User B, wants to test/edit some observation filters, they clone Swell right before a pinned_version.yaml change, when they want to do a PR check_hashes catches this, throws an error. So the person now can test this with the new pinned JEDI build. If issues arise they become User A.

User C (long term, needs further pondering), wants to run a particular suite with particular JEDI/GEOS version(s). For instance let's imagine we have a GEOS-ADAS suite. We would have pinned builds specified for those suites that gets updated infrequently (once every couple of months).

Perhaps you have a use case in mind where use_pinned_existing should start a new JEDI build?

Additionally, Swell would automatically update it to the correct hash if that local build already exists but needs to be updated. Using pinned_create, like create, forces the experiment to build JEDI in the experiment directory every time it runs.

Even for this case, I always think a clean build in a new folder is better. Wei and Jianjun had issues while trying to rebuild in the same build folder.

asewnath commented 1 week ago

I'm going to pause creating a github action to check hashes for now. @Dooruk using your instructions, I tried adding a test to test_swell.yml and tried running swell's Test_CI_Application action.
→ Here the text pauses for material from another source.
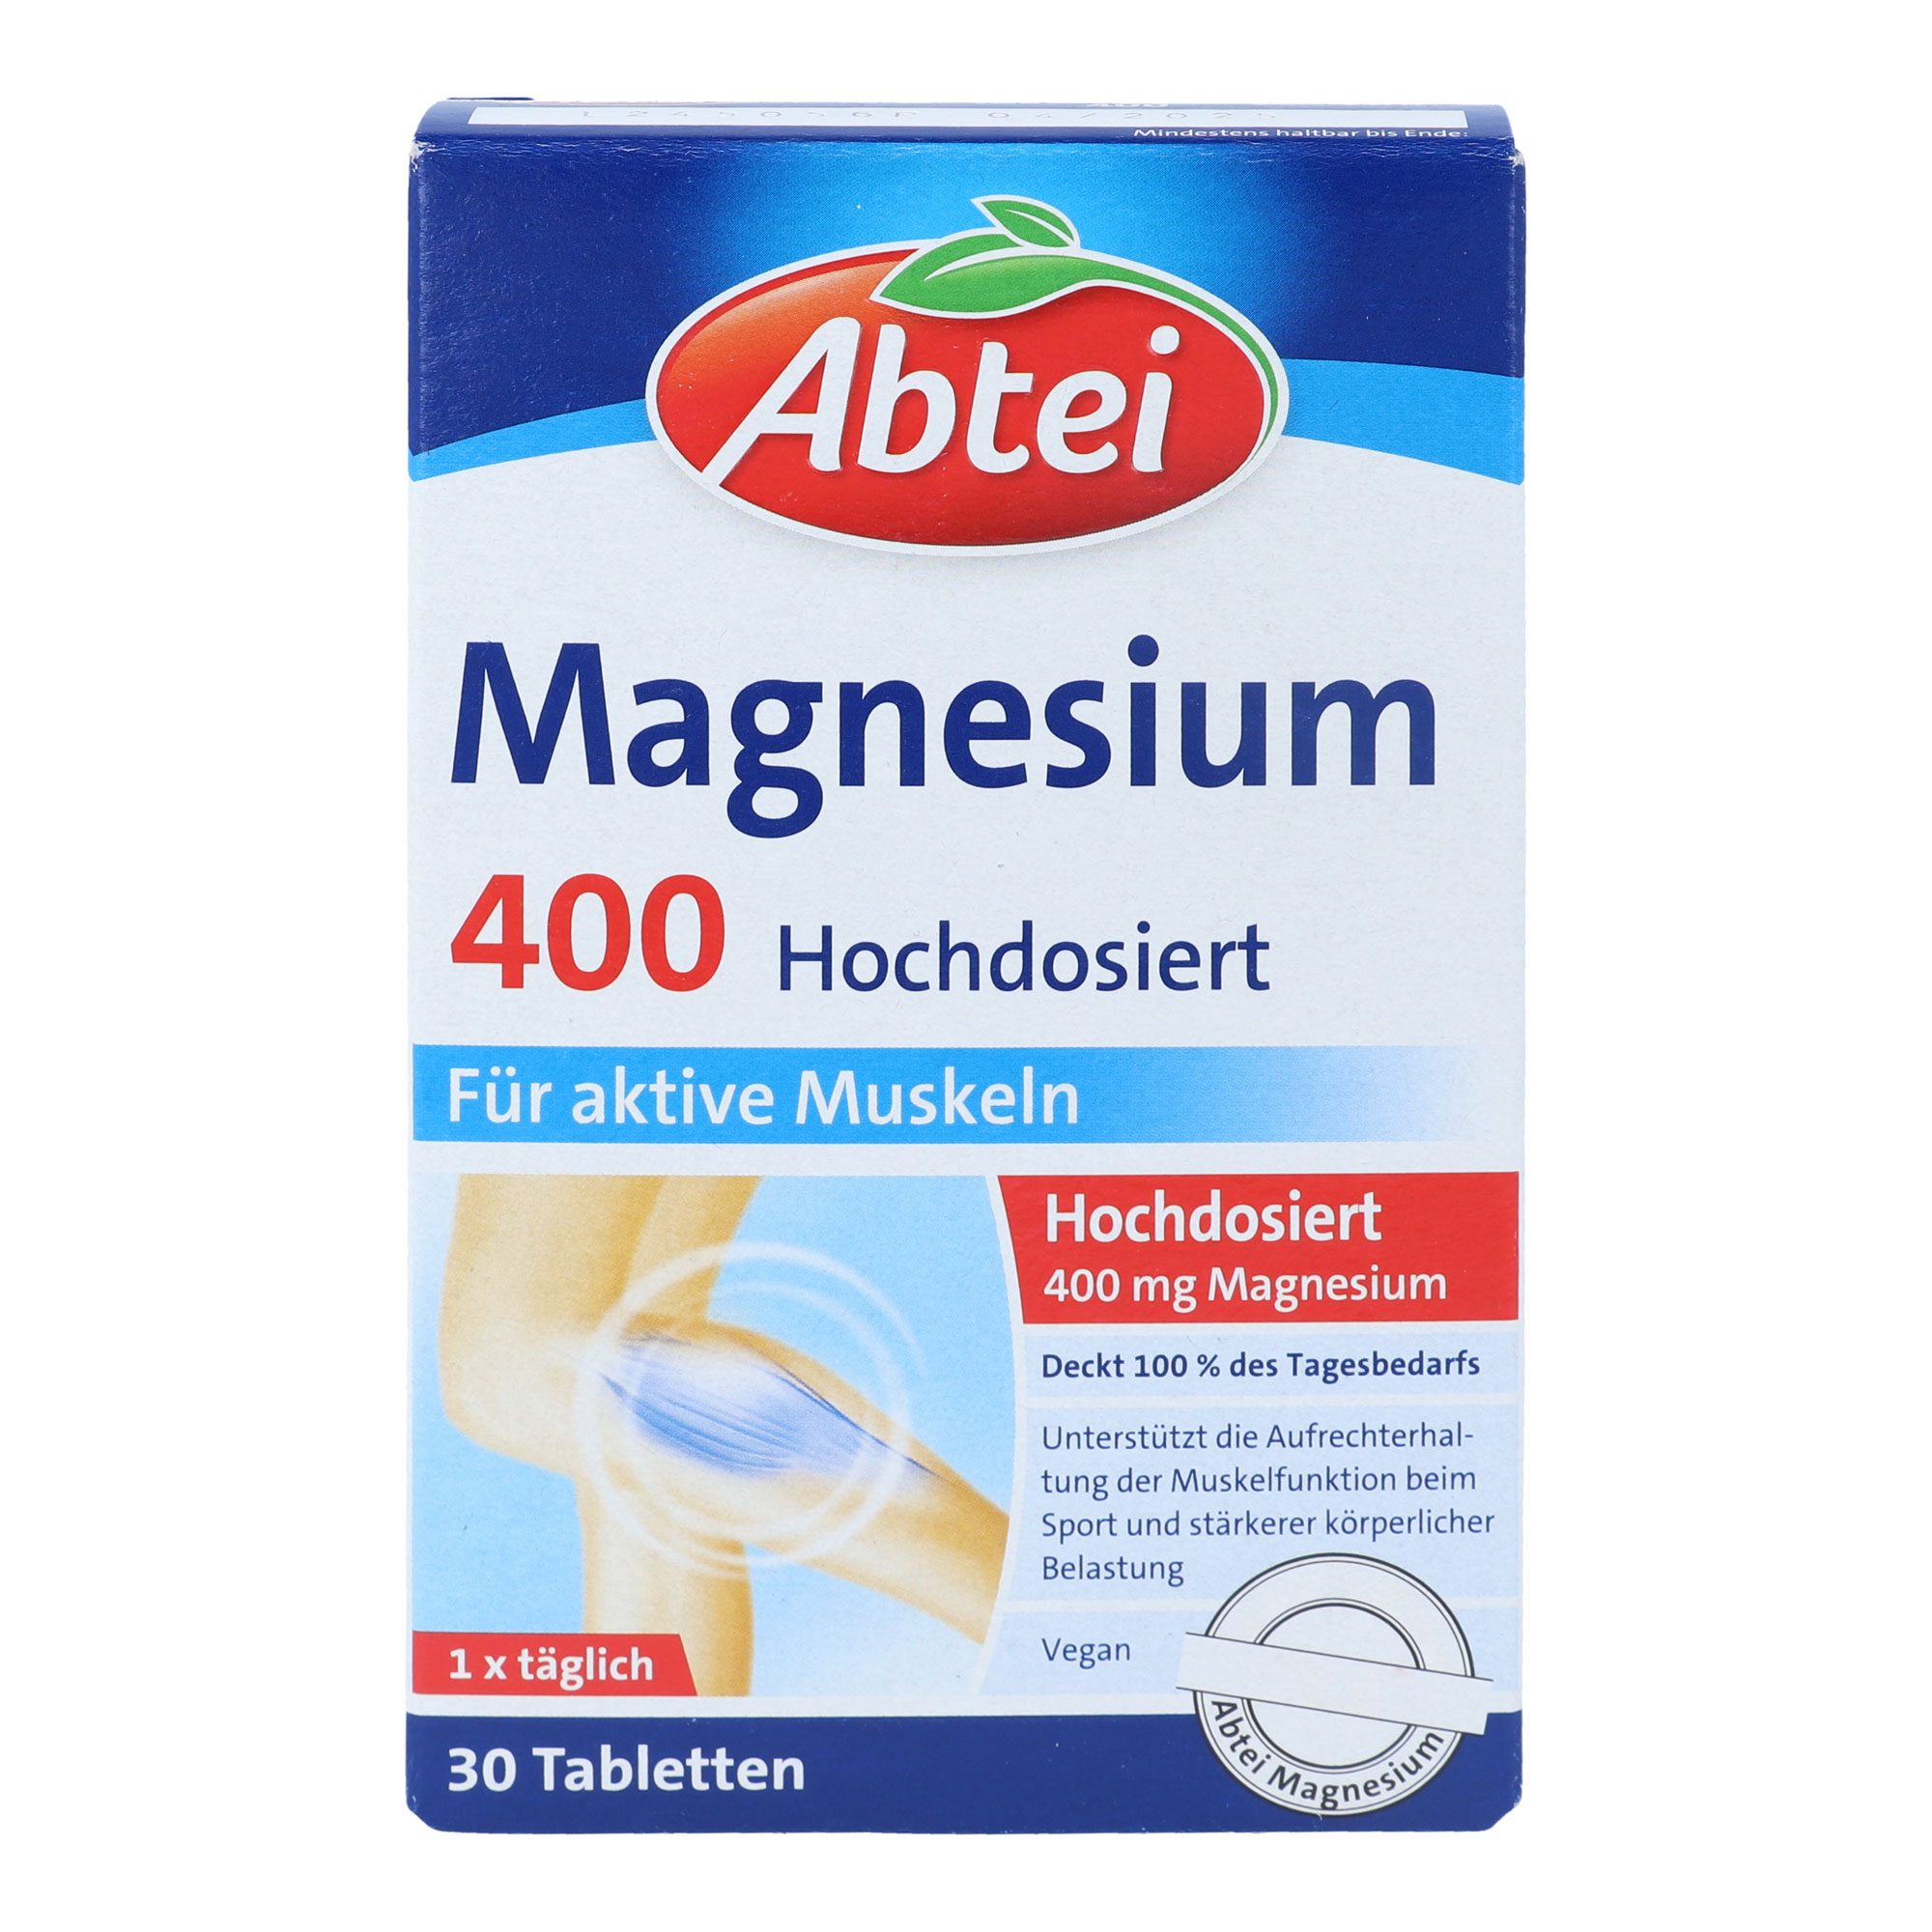 Nahrungsergänzungsmittel mit hochdosiertem Magnesium. Vegane Tabletten.

This fails immediately because of the error "Tier 2 is already running". I'm not able to test using Tier1 test yamls unless I have a PR to the main branch in CI-workflows.

Dooruk commented 1 week ago

I'm going to pause creating a github action to check hashes for now. @Dooruk using your instructions, I tried adding a test to test_swell.yml and tried running swell's Test_CI_Application action. This fails immediately because of the error "Tier 2 is already running". I'm not able to test using Tier1 test yamls unless I have a PR to the main branch in CI-workflows.

Yeah, Tier2 is hitting the __running__ switch file issue but I'm not sure about the Tier1 yaml change issue you are encountering? YOu mean your open PR should be merged first?

asewnath commented 1 week ago

I mean that it seems that Tier1 runner doesn't work for any other branch besides main https://github.com/GEOS-ESM/swell/blob/597bbbe9c87867178a130a10c6d07418d1a212d8/.github/workflows/tier1_application_discover.yml#L15. If I tried to point to a different branch, nothing would run. Maybe this is an issue on my end.

If I can only run Tier1 tests on the main branch, then I'd have to continually PR to the main branch to get the check hashes test working, which doesn't sound like a good idea.